The road to bad movies is paved with good intentions
The story was simply enough, which is the basis for most good comedies. Nick (Black) is a dreamer, who works at a sandpaper factory with his best friend and cul-de-sac neighbor Tim (Stiller), a straight-laced worker bee. While Nick's head is filled with pie-in-the-sky ideas, Tim's only thoughts are of performance charts and keeping focused on his job. So when Nick offers to cut Tim in on his latest idea, a spray that eliminates doggie poo, Tim declines. It's the worst decision he ever makes...to that point.
Vapoorize, Nick's spray, makes him a white-trash multi-millionaire with no interest in leaving his middle-class neighborhood or his best pal. Meanwhile, Tim's regret over not joining in with Nick quickly becomes envy, spurred on by his wife (Weisz) and her annoyance at not being rich like Nick. Though Nick spends a ton to keep Tim happy, it only makes him madder and more jealous.
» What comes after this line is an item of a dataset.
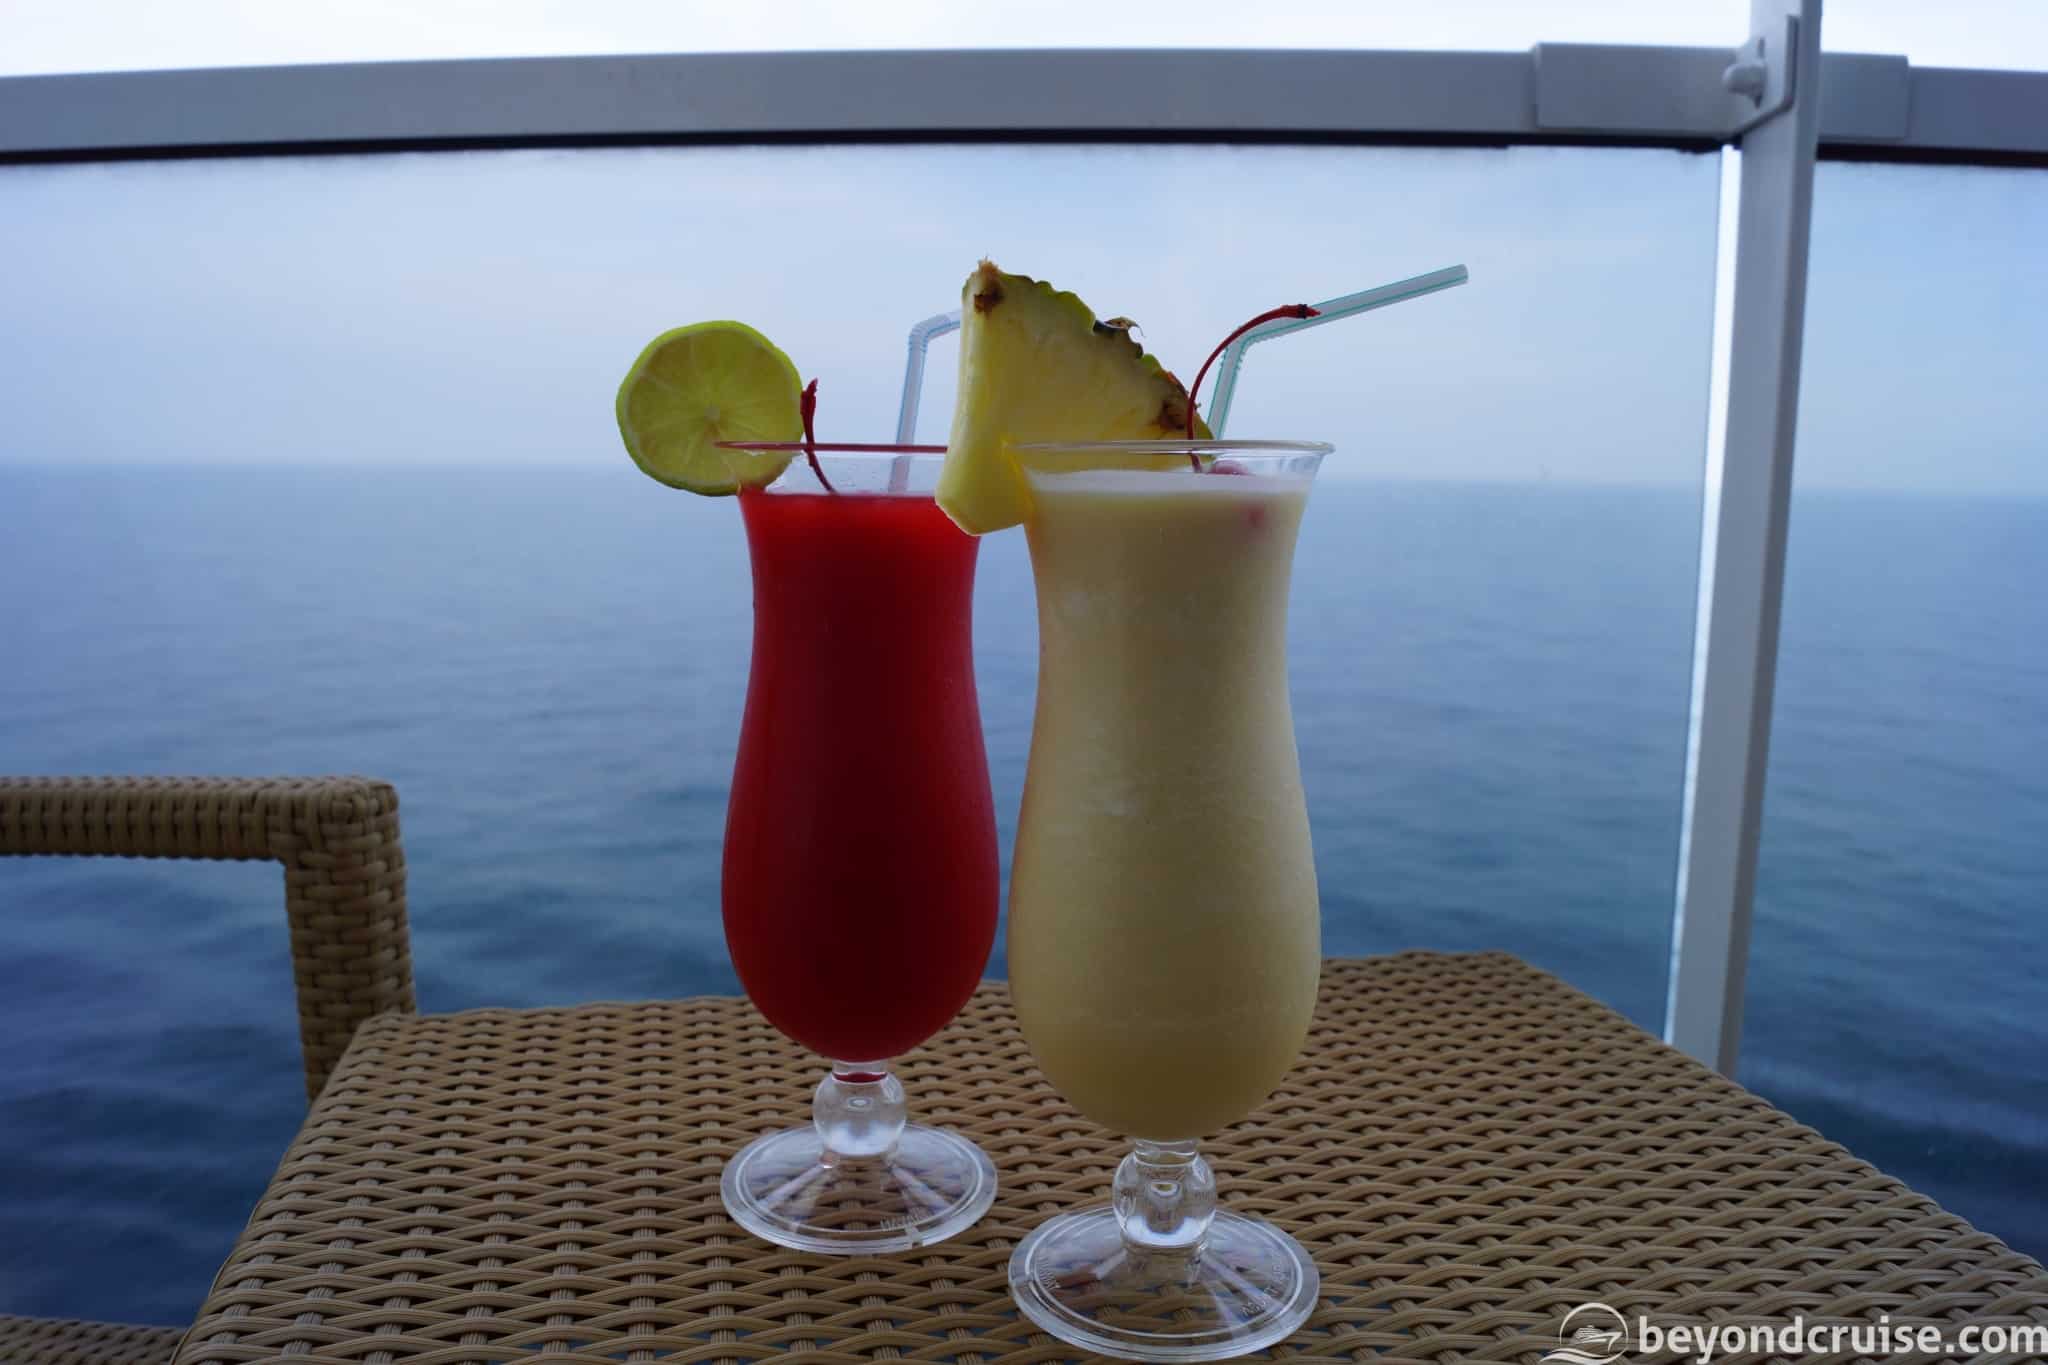 MSC Magnifica Cocktails on the balcony

That green monster causes serious damage in a drunken accident that crushes Nick, and forces Tim to scramble to cover.
Stiller's playing the same role he's played plenty of times before; the button-down guy in a situation that's well beyond his control. His lack of overreaction makes every freak-out all the more believable, while his ability to sell a joke that shouldn't deliver is better than just about any comic actor working. Black doesn't get the benefit of a similarly fitting role, seemingly trapped in a part that's simply too "real" for him. Unlike Stiller, Black's at his best when manic, and this movie barely allows him to be so. In smaller roles, Poehler, as Black's new-money wife, and Weisz are good, though underused.
Walken doesn't suffer the same problem. In fact, he may be a bit overexposed in this film, playing a drifter named the J-Man, who advises Tim, badly. Serving to further the plot mainly, he also gives the film it's only real energy. With Black straightjacketed, Walken has to carry the movie for much of the second half. Unfortunately for the movie, that's when the comedy gives way to a darker plot that's not very entertaining, before doing another 180 on its way to a wholly unsatisfying ending.
Many will compare this film with another Levinson film, Toys, another star-filled movie that failed to score at the box office. But while Toys didn't work as a money-maker, it was still a quality film with a plot and a message. Envy is a pace-less, laugh-less mess. That the film was nearly shelved until School of Rock made Black a household name says a lot. It probably should have stayed on the shelf.